If the vaccines are so effective, why do vaccinated people need to mask up?

The vaccines are highly effective, and this recommendation does not challenge that fact. No vaccine is 100 percent effective at preventing illness. Those who are fully vaccinated are less likely to become ill with COVID, and much less likely to become hospitalized or to die if they do become ill. Still, vaccinated people can get COVID. These are called breakthrough cases, and we know a small number are happening here in Washington. So even though you are at least 10 times less likely to get COVID or have a severe illness if you are fully vaccinated, you still can get sick and potentially spread it to others. Well-fitting, multi-layer cloth face masks reduce spread of infectious droplets from a case by up to 70-80%. These same masks also reduce the risk of inhaling infectious droplets from others by up to 50%. In short, mask wearing protects you and protects others. As case rates rise, and as we continue to learn more about the highly transmissible Delta variant, masking is an extra layer of protection that the health officers are encouraging for everyone when indoors in public. Vaccination, mask wearing, good ventilation, and hand hygiene: we need them all to keep bad health and economic consequences of this Delta strain at bay.

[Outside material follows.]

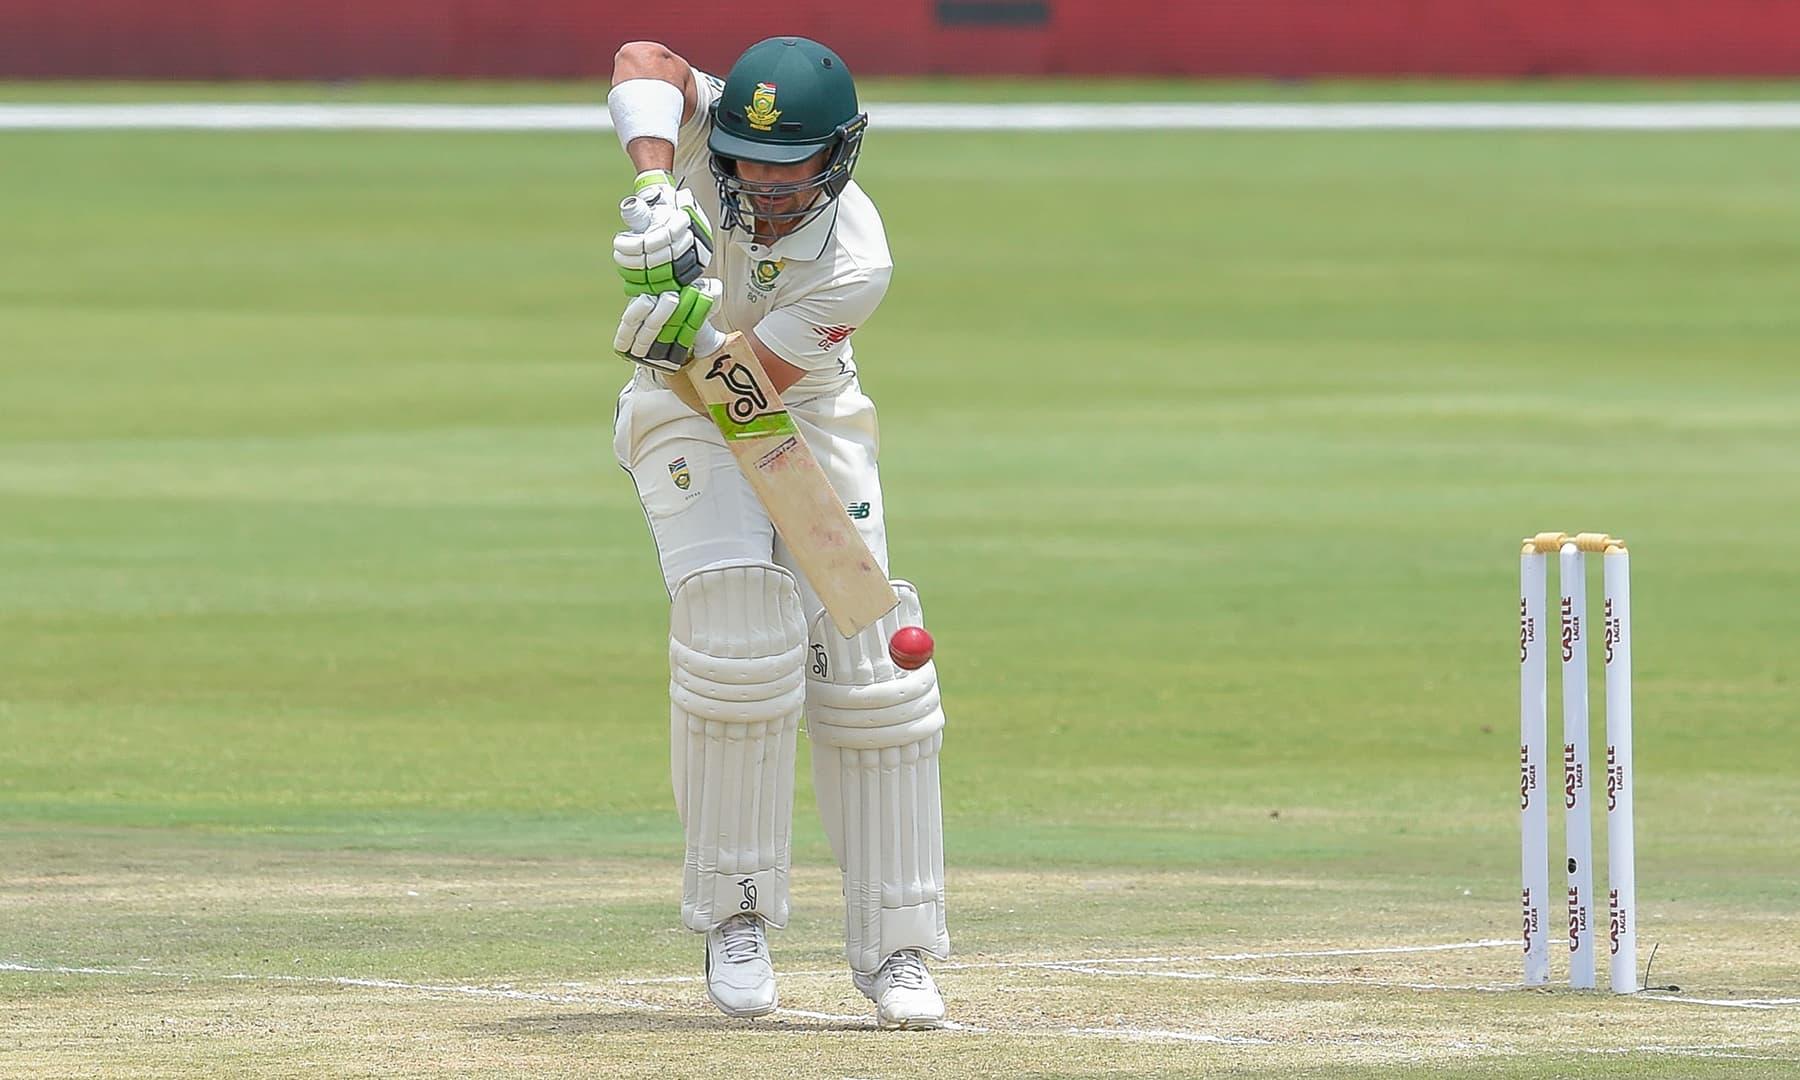 South Africa's Dean Elgar plays a shot. —AFP

Isn’t this confusing? Do people listen to the CDC, DOH, or their local health department?

This is not a mandate that contradicts requirements from CDC or DOH. It is advice to help people stay safe and healthy. There is agreement among CDC, DOH and local public health officials that COVID vaccines and masking have been effective at reducing transmission. While the CDC and DOH are not requiring masks in all indoor public settings for fully vaccinated individuals, it’s been clear that even vaccinated people may still choose to mask up, and that is what we are encouraging them to do. At the same time, this ensures easy verification that all unvaccinated people are masked in those settings, as well.